» **TASK ITEM**:
Give the data below again exactly as written, but without the pictures.

» **COLLECTED MATERIAL**:
•••••

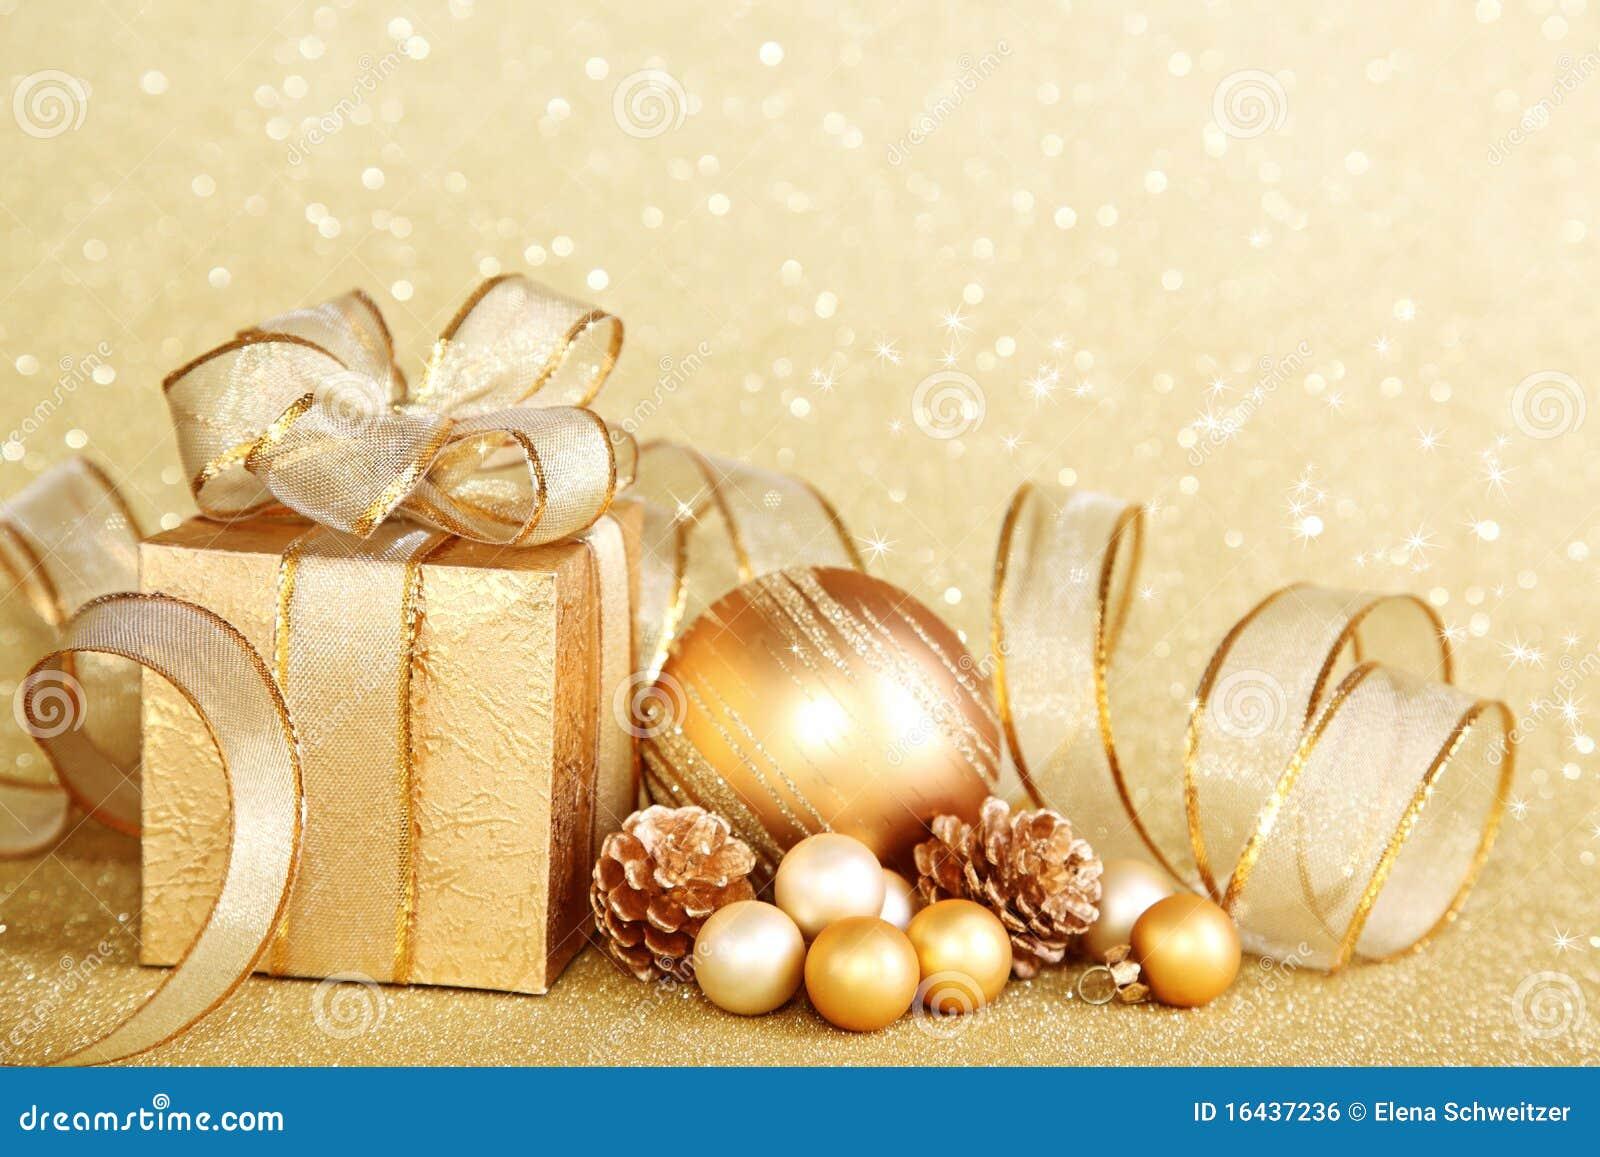 Christmas gift box with christmas ball
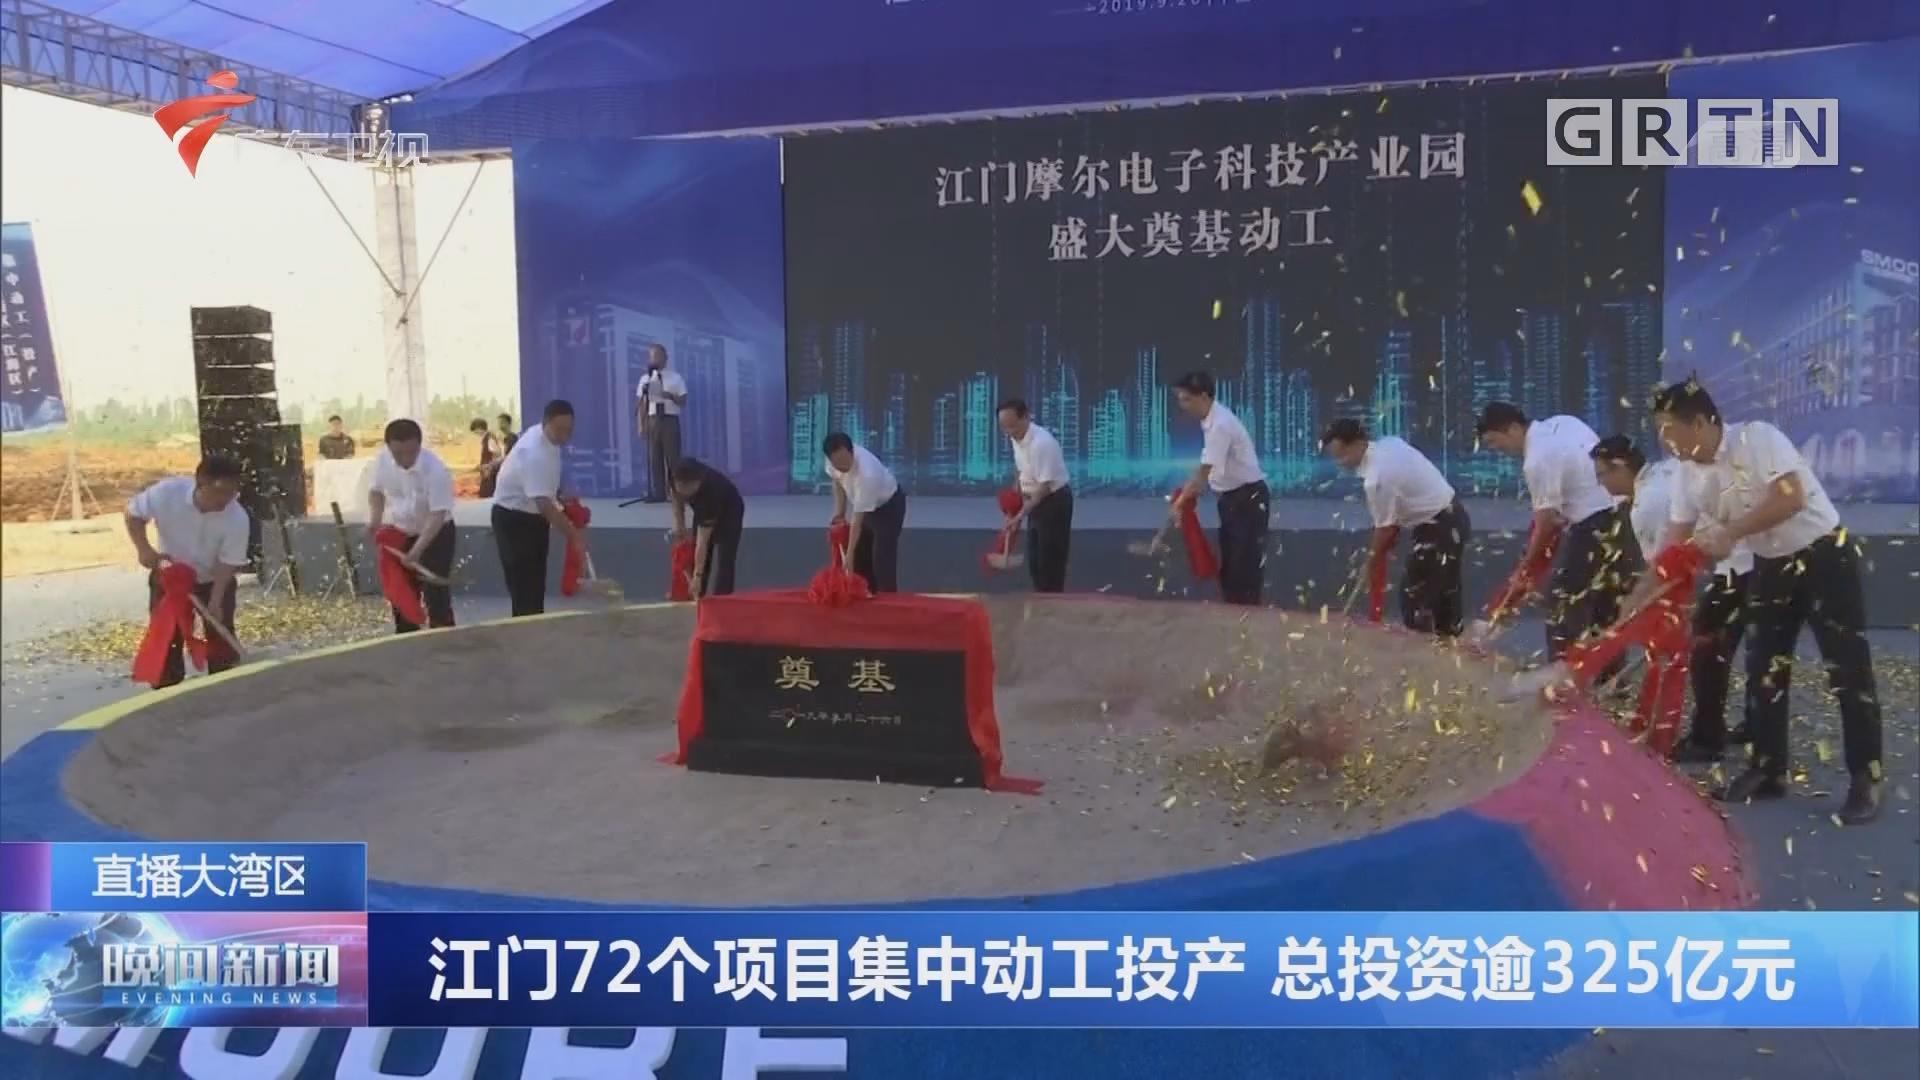 江门72个项目集中动工投产 总投资逾325亿元
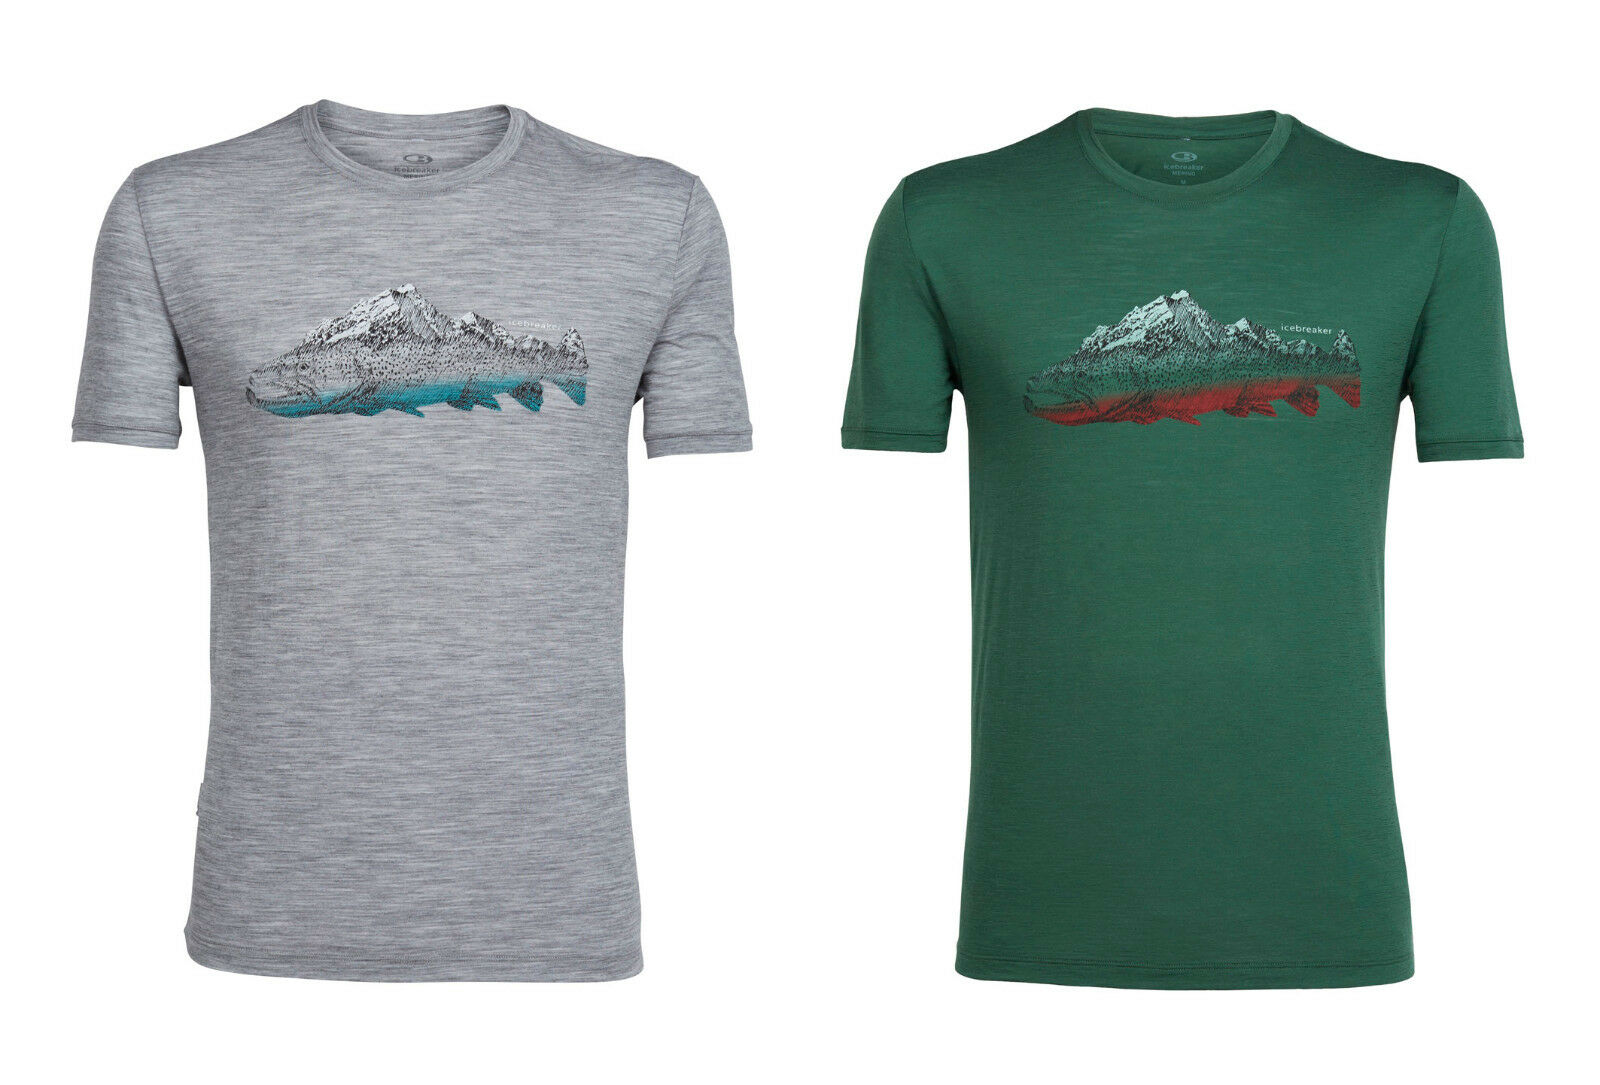 ICEBREAKER - Tech Lite Short Sleeve Crewe Fin Peaks Peaks Peaks - 150g/m² - Herrenshirt 940f83

•••••

» **EXERCISE RESPONSE**:
 Christmas gift box with christmas ball
 江门72个项目集中动工投产 总投资逾325亿元
 ICEBREAKER - Tech Lite Short Sleeve Crewe Fin Peaks Peaks Peaks - 150g/m² - Herrenshirt 940f83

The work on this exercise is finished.